▶ _What is needed_
Reproduce exactly the lines from the top of the records below through the line holding "もっと少なくリファインコーヒー[2点セット] 信州木曽 くまのあぶら".

Collected data
----------
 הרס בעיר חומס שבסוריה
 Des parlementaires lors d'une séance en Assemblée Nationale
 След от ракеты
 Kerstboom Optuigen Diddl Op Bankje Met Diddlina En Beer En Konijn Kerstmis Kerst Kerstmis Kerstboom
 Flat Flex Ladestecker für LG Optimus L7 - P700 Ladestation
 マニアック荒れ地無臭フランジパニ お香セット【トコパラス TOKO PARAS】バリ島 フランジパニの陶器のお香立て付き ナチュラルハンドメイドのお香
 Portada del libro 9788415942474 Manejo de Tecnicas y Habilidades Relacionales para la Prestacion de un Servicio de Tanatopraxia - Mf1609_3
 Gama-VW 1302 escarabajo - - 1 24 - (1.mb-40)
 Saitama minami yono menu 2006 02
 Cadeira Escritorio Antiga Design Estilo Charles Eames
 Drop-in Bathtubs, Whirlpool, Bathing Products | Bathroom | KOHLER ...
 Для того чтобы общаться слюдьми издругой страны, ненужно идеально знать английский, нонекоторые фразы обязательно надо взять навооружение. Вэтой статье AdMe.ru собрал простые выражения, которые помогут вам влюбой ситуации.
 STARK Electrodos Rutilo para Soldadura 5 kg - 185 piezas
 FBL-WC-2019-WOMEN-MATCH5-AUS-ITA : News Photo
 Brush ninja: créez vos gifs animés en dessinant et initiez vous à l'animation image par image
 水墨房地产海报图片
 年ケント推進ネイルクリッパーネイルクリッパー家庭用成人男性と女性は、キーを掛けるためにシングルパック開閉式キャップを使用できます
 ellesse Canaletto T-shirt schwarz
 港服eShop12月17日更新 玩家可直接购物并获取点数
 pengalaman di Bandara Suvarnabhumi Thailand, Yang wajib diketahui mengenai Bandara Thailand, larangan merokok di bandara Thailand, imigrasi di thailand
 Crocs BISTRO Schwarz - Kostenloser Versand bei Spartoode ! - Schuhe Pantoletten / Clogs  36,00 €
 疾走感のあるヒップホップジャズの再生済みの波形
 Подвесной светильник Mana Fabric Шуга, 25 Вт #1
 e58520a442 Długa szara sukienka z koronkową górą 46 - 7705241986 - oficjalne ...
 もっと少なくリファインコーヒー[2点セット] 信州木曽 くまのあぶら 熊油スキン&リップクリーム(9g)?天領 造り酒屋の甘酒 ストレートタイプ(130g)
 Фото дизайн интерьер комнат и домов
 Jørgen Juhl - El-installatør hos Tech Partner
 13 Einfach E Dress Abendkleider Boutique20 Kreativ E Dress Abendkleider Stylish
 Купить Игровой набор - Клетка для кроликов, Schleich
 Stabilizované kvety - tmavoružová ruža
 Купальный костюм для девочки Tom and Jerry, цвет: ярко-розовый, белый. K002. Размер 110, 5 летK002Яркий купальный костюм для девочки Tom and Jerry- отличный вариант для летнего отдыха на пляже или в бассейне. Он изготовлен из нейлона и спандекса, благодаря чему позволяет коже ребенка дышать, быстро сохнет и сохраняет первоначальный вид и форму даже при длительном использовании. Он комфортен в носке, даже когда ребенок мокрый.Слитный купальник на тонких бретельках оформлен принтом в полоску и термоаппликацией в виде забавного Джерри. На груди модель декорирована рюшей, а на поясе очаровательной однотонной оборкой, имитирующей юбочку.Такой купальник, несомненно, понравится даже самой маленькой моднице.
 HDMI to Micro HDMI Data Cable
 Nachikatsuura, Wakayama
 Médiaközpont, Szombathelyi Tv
----------
▶ _Solution for this task_
 הרס בעיר חומס שבסוריה
 Des parlementaires lors d'une séance en Assemblée Nationale
 След от ракеты
 Kerstboom Optuigen Diddl Op Bankje Met Diddlina En Beer En Konijn Kerstmis Kerst Kerstmis Kerstboom
 Flat Flex Ladestecker für LG Optimus L7 - P700 Ladestation
 マニアック荒れ地無臭フランジパニ お香セット【トコパラス TOKO PARAS】バリ島 フランジパニの陶器のお香立て付き ナチュラルハンドメイドのお香
 Portada del libro 9788415942474 Manejo de Tecnicas y Habilidades Relacionales para la Prestacion de un Servicio de Tanatopraxia - Mf1609_3
 Gama-VW 1302 escarabajo - - 1 24 - (1.mb-40)
 Saitama minami yono menu 2006 02
 Cadeira Escritorio Antiga Design Estilo Charles Eames
 Drop-in Bathtubs, Whirlpool, Bathing Products | Bathroom | KOHLER ...
 Для того чтобы общаться слюдьми издругой страны, ненужно идеально знать английский, нонекоторые фразы обязательно надо взять навооружение. Вэтой статье AdMe.ru собрал простые выражения, которые помогут вам влюбой ситуации.
 STARK Electrodos Rutilo para Soldadura 5 kg - 185 piezas
 FBL-WC-2019-WOMEN-MATCH5-AUS-ITA : News Photo
 Brush ninja: créez vos gifs animés en dessinant et initiez vous à l'animation image par image
 水墨房地产海报图片
 年ケント推進ネイルクリッパーネイルクリッパー家庭用成人男性と女性は、キーを掛けるためにシングルパック開閉式キャップを使用できます
 ellesse Canaletto T-shirt schwarz
 港服eShop12月17日更新 玩家可直接购物并获取点数
 pengalaman di Bandara Suvarnabhumi Thailand, Yang wajib diketahui mengenai Bandara Thailand, larangan merokok di bandara Thailand, imigrasi di thailand
 Crocs BISTRO Schwarz - Kostenloser Versand bei Spartoode ! - Schuhe Pantoletten / Clogs  36,00 €
 疾走感のあるヒップホップジャズの再生済みの波形
 Подвесной светильник Mana Fabric Шуга, 25 Вт #1
 e58520a442 Długa szara sukienka z koronkową górą 46 - 7705241986 - oficjalne ...
 もっと少なくリファインコーヒー[2点セット] 信州木曽 くまのあぶら 熊油スキン&リップクリーム(9g)?天領 造り酒屋の甘酒 ストレートタイプ(130g)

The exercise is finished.